This article is about Saving Time and Effort with IDAPython.
For those familiar with CTF competitions, time is an important constraint that must be managed effectively to score as many points as possible. Most task write-ups you’ll come across use some kind of script to automate long tasks or ones that are difficult to do manually. This saves not only time, but also effort, because the participant only needs to find out what is repeated once and automate the rest. This analogy is clarified by the challenge we will examine.
The task we are dealing with is from Nuit Du Hack Quals 2017 . It’s a reverse engineering challenge called “Matrioshka: Step 4 (I did it again)” . We’ll see that this task not only performs repetitive work that would take a reverser hours to complete, but also makes it difficult to access the code that checks whether the given input is correct or not.
Saving Time and Effort with IDAPython:
The goal of this article is to write a Python solver script that automates everything from start to finish and prints a flag at the end. 

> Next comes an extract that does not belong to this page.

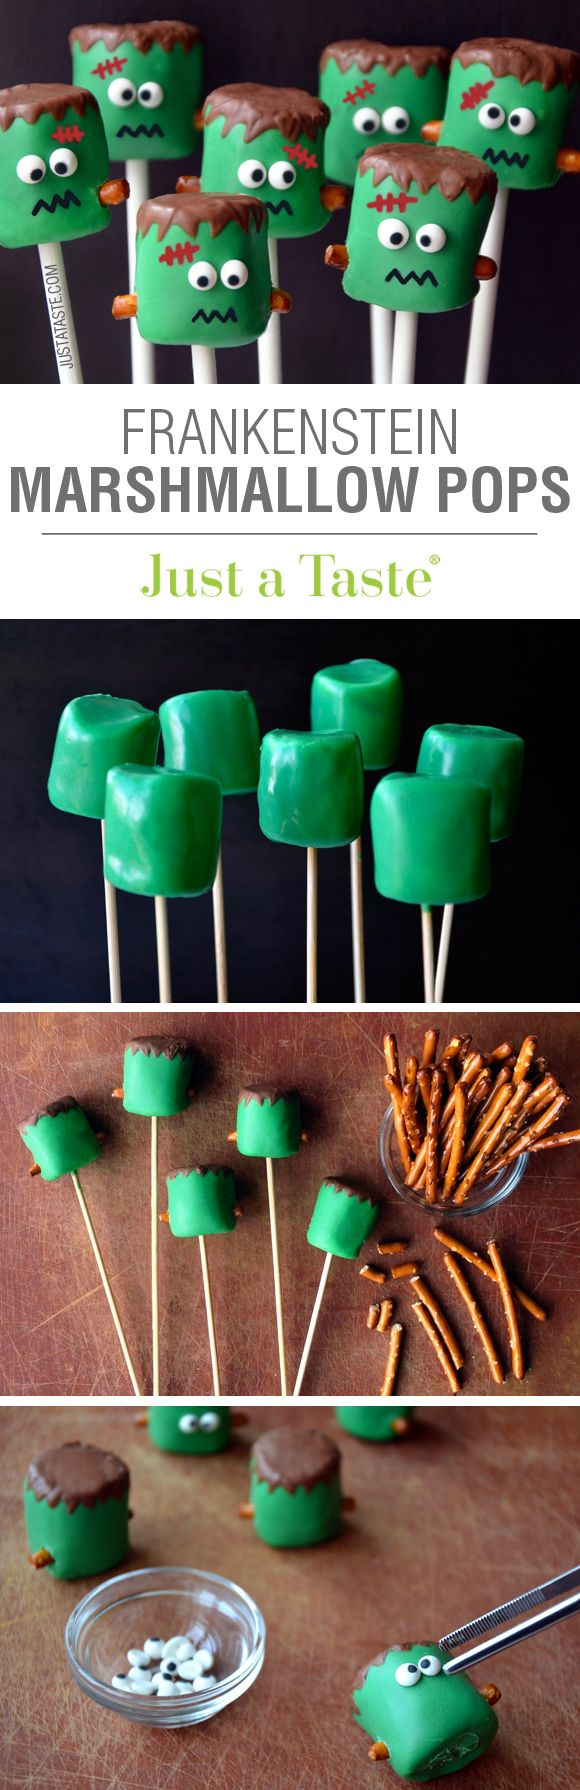 frankenstein marshmallow pops - Halloween Casserole Recipe Ideas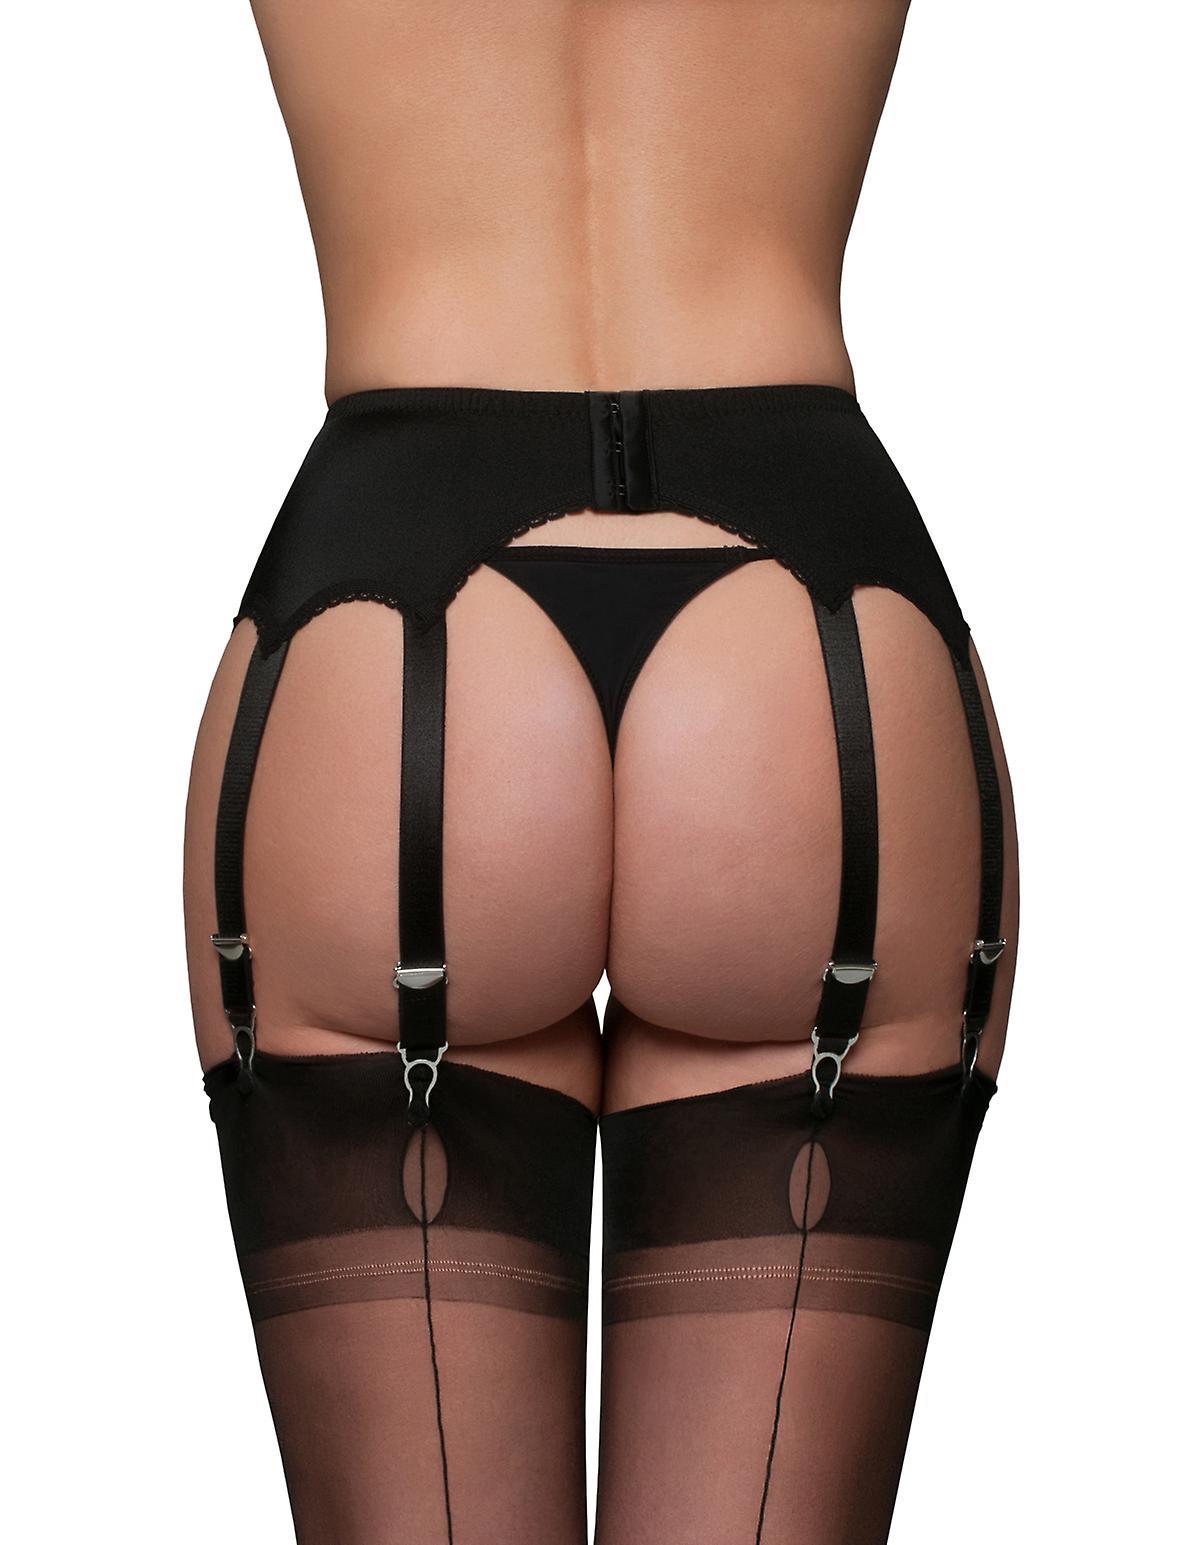 Nylon Dreams NDL10 Women's Garter Belt 10 Strap Suspender Belt

First, we’ll start by seeing what kind of binary star we’re dealing with.
Now we need to set up a remote GDB debugger and then connect to it from IDA64.
The reason behind why we are providing to the executable 334 characters as an argument is because that is what it expects.
After checking the length, crackme allocates a memory-aligned portion of memory using memalign. It then uses mprotect to modify the site’s permissions to RWX.
The data copied into this block starts from sub_40089D and goes to but does not include sub_422C0C. A look at some of what lies between these two addresses suggests that there is probably some ongoing code decryption going on.
Next, the copy of “sub_40089D” from the allocated pages is called with the following arguments.
The return value must be 0x1 if the supplied argument represents the correct input.
So far, so good. Now let’s look at what sub_40089D does.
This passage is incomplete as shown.